Programming changes occurred in October 2012, when Clark Howard rejoined the station's lineup after an absence of several years. The Neal Boortz Show was shortened to two hours and aired from 9 a.m. to 11 a.m., which pushed up the local Mel Robbins Show to the 11 a.m.-1 p.m. timeslot. These moves coincided with a change in branding to NewsTalk 96.5 WDBO.

Shortly afterward, on November 12, 2012, the news/talk format became FM-only, as WDBO relaunched as a sports radio station affiliated with ESPN Radio. WDBO became the flagship station for the Orlando Magic Radio Network, with WDBO-FM also simulcasting the games.

On April 29, 2013, sweeping changes were made to the station as it was rebranded News 96.5: "Orlando′s New 24-Hour News, Weather and Traffic." From then until 2015, all on-air references to the call sign WDBO were dropped, aside from hourly IDs. The call letters were slowly re-integrated into the branding over the months of October and November 2015.

A weekday segment known as "The Three Big Things You Need to Know" was introduced at approximately :15 and :45 past the hour. In addition, Orlando Magic games were heard on the AM station only, and news hours were added at noon and 6 p.m. In 2015, the station added Dana Loesch's syndicated talk show to the lineup.

===Spanish-language music===

Former logo from 2020 to 2024

On June 24, 2020, Cox Radio announced that WDBO-FM's news/talk programming would relocate back to WDBO-AM. An FM translator, 107.3 W297BB, would begin simulcasting WDBO. Five days later, WDBO-FM would flip to Spanish CHR as Éxitos 96.5 (the "Éxitos" branding was previously on W297BB, which was used for a Spanish hot adult contemporary format). On July 14, 2020, WDBO-FM changed its call sign to WOEX to match the Éxitos branding.

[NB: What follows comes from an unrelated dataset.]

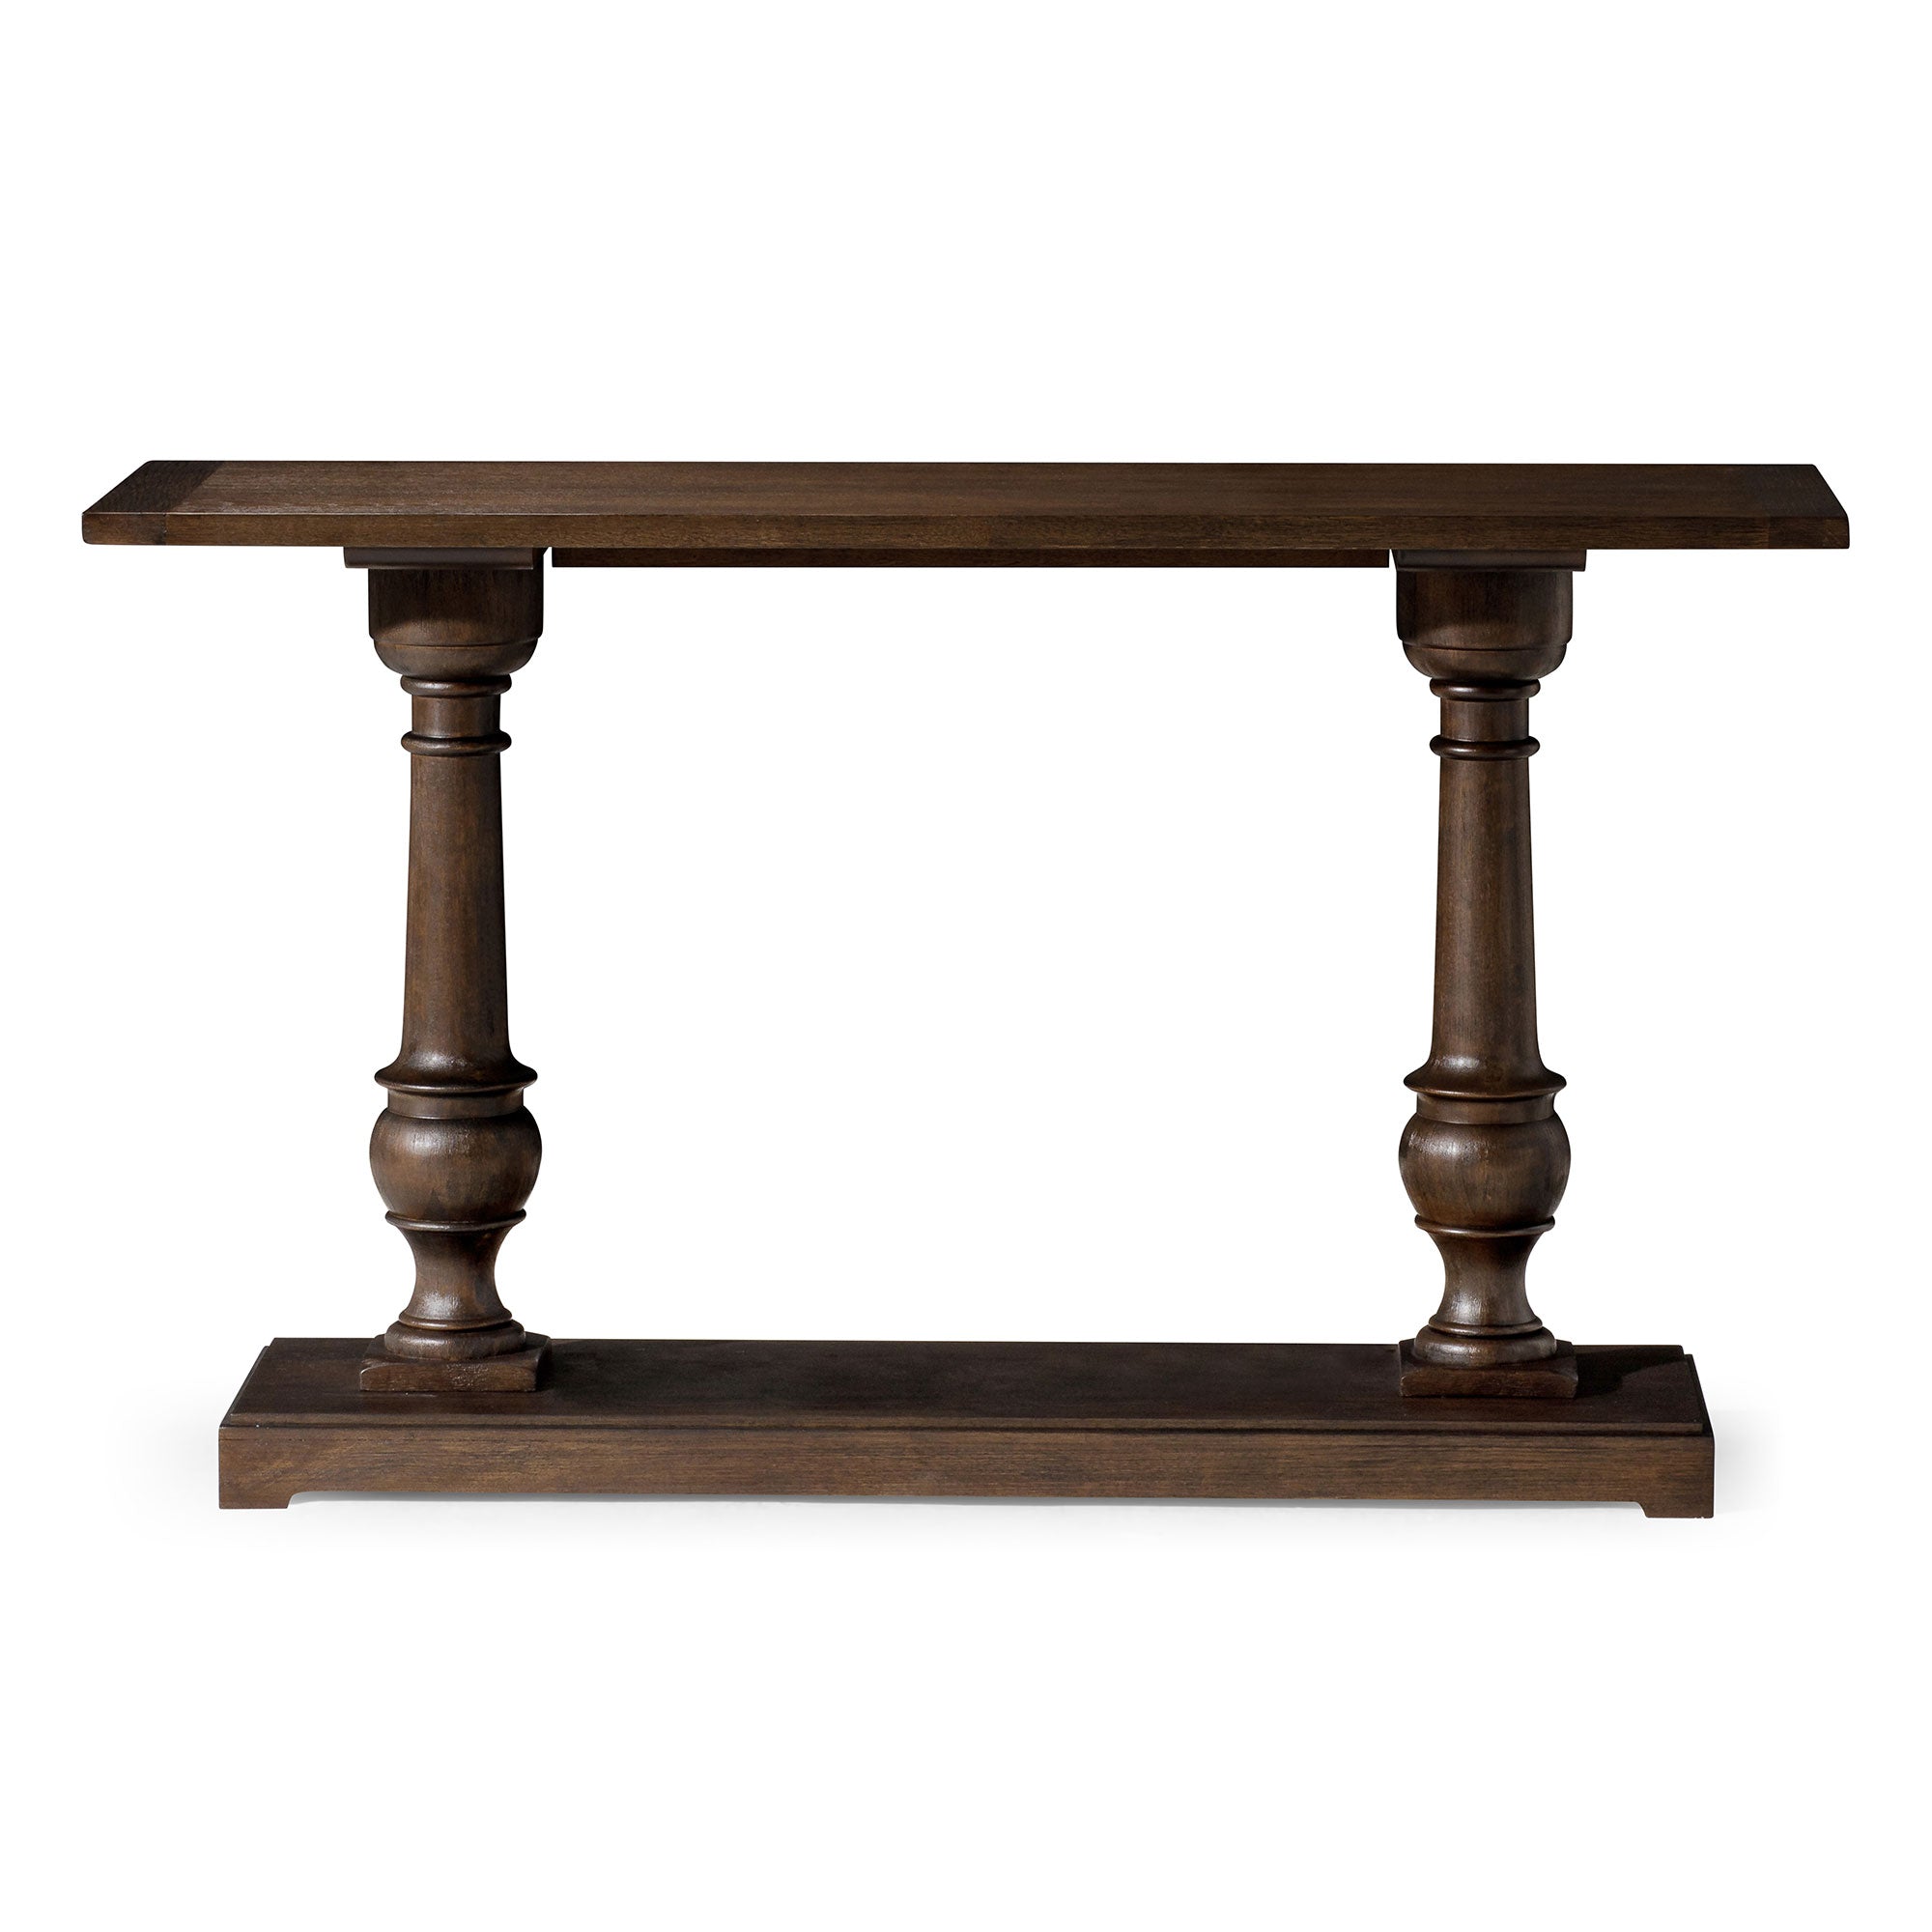 Arthur Classical Wooden Console Table in Antiqued Brown Finish in Accent Tables by Maven Lane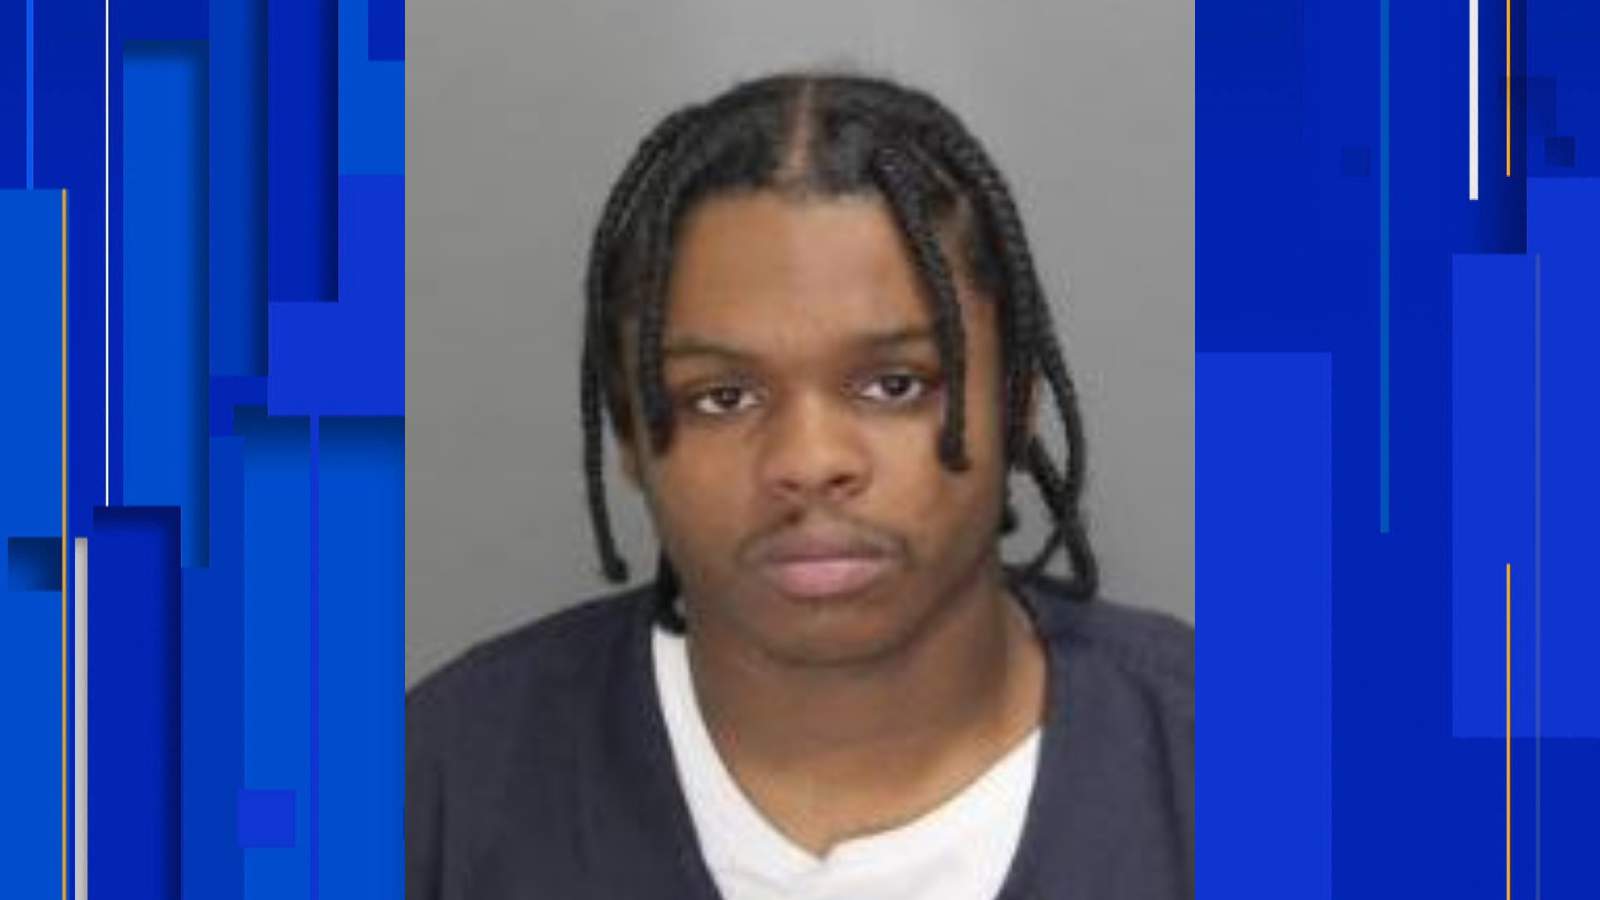 Detroit rapper 42 Dugg arrested 2 months after fleeing from police in Oakland County

On October 17, 2024, WOEX flipped from Spanish CHR to a hybrid Latin pop/English-language adult contemporary format as Hits 96.5, modeled after Miami's WMIA-FM. In November 2025, WOEX announced that it would air Christmas music for the holiday season while maintaining its Spanish-language presentation, promoting itself as the "first" bilingual Christmas station.